US Special Forces put a bullet through Osama bin Laden’s head yesterday. Unwittingly, this elite fighting force may have also thrust a stake through the heart of the silver market.

We will leave it to Wolf Blitzer and other world news commentators to articulate the geopolitical significance of bin Laden’s rendezvous with 40 virgins. Our beat is financial…and in our little corner of the news world, the death of bin Laden seems like a perfect excuse for a long-overdue dollar rally…and silver selloff.

The silver market has been hot…red hot…probably too hot. The dollar, for its part, has been stone cold – sinking lower and lower with almost every trading day. Both assets are fully deserving of their respective price trends. The silver market, in other words, deserves to be soaring against the US dollar. And over the next few years, your California editor would not be surprised to see the silver price top $100…or even $200.

But over the next few weeks, the precious metals are likely to become a bit less precious for a while. Your editor does not raise this caution to suggest that silver be sold. Rather, he raises it to suggest that silver be bought…at lower prices.

To begin this brief analysis of the frothy silver market, please consider one essential fact: the following remarks are no better than guesses. Educated guesses, yes. But guesses all the same. To continue this analysis, please consider a few fascinating data points:

1)    Silver has soared more than 50% so far this year, and 150% during the last 12 months.
2)    The price chart of silver has developed a parabolic trajectory, typical of toppy markets.
3)    Speculative trading activity is dominating many parts of the silver market. For example, recent trading volume in SLV, the $13 billion ETF that represents holdings in silver bullion, has been exceeding the trading volume in SPY, the massive $89 billion ETF that represents the S&P 500 Index. Prior to the recent silver frenzy, SLV would produce only about one quarter the daily trading volume of SPY. But now it is SLV’s trading volume that routinely tops SPY’s!
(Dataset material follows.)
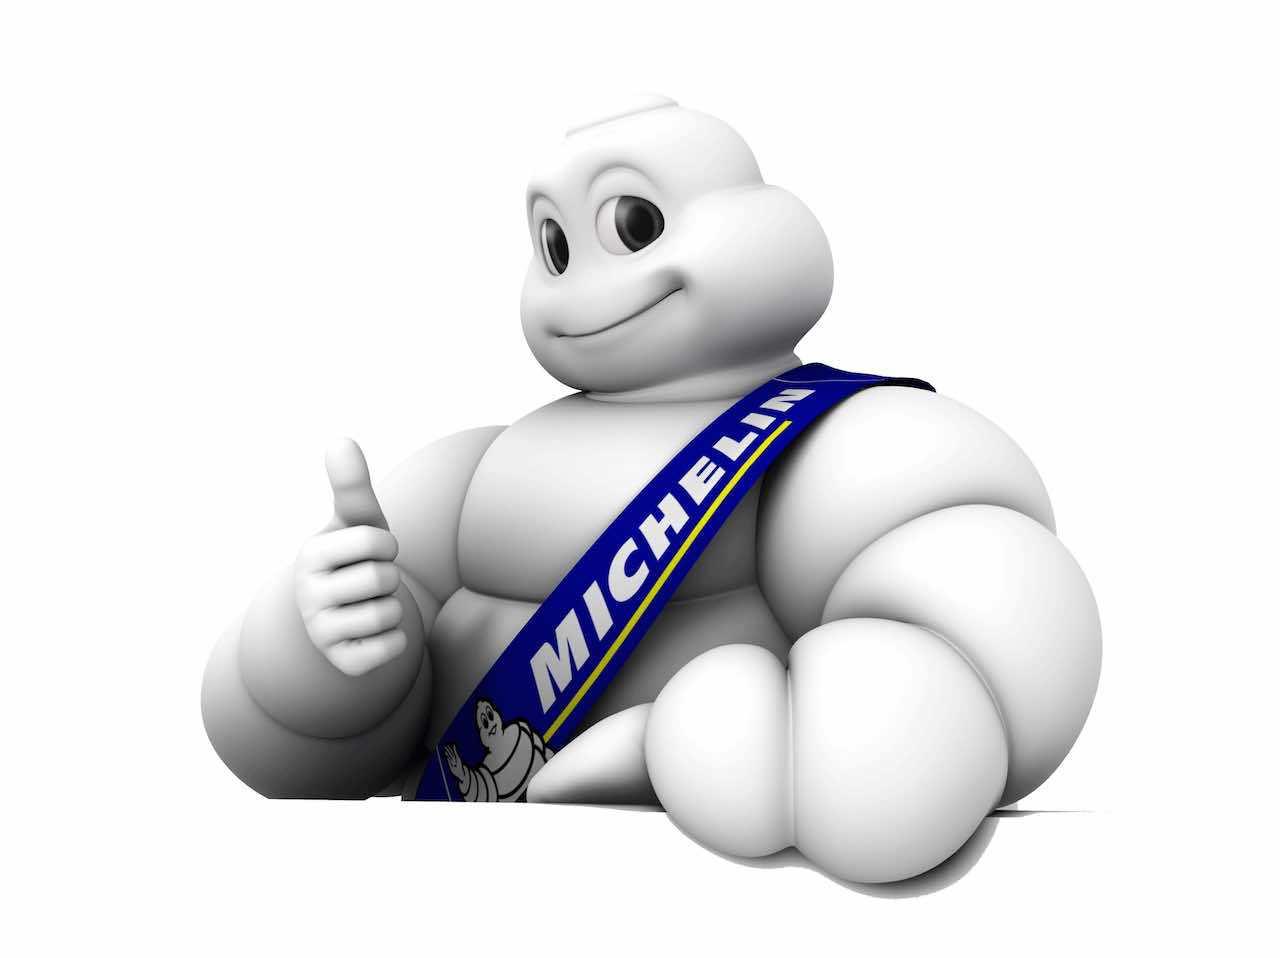 SWOT analysis of Michelin

iShares Silver Trust vs. 5-Day Trading Volume of SPY

4)    Various gauges of investor sentiment are flashing extreme bullish readings for silver. The Elliot Wave’s Daily Sentiment Index shows that 95% of investors are bullish on silver. Likewise, the Market Vane’s Bullish Consensus shows 93% of commodities traders are bullish on silver. When such an overwhelming majority of market participants hold such an overwhelmingly bullish opinion about a given asset, that asset tends to disappoint its fans…at least for a while.

Taken together, these various signs, indicators and portents say loud and clear that a major correction in the silver market is very likely, very soon. On the other hand, Ben Bernanke’s reckless monetary policy – spearheaded by money-printing escapades that are so moronic only a PhD in economics could possibly devise them – say loud and clear that silver (and gold) are much better long-term bets than the US dollar.

So why bother worrying about short-term risks in the silver market?

Good question. Maybe you shouldn’t…unless you have an interest in converting these short-term risks into a long-term buying opportunity. The silver rally still “has legs,” even if those legs might wobble occasionally.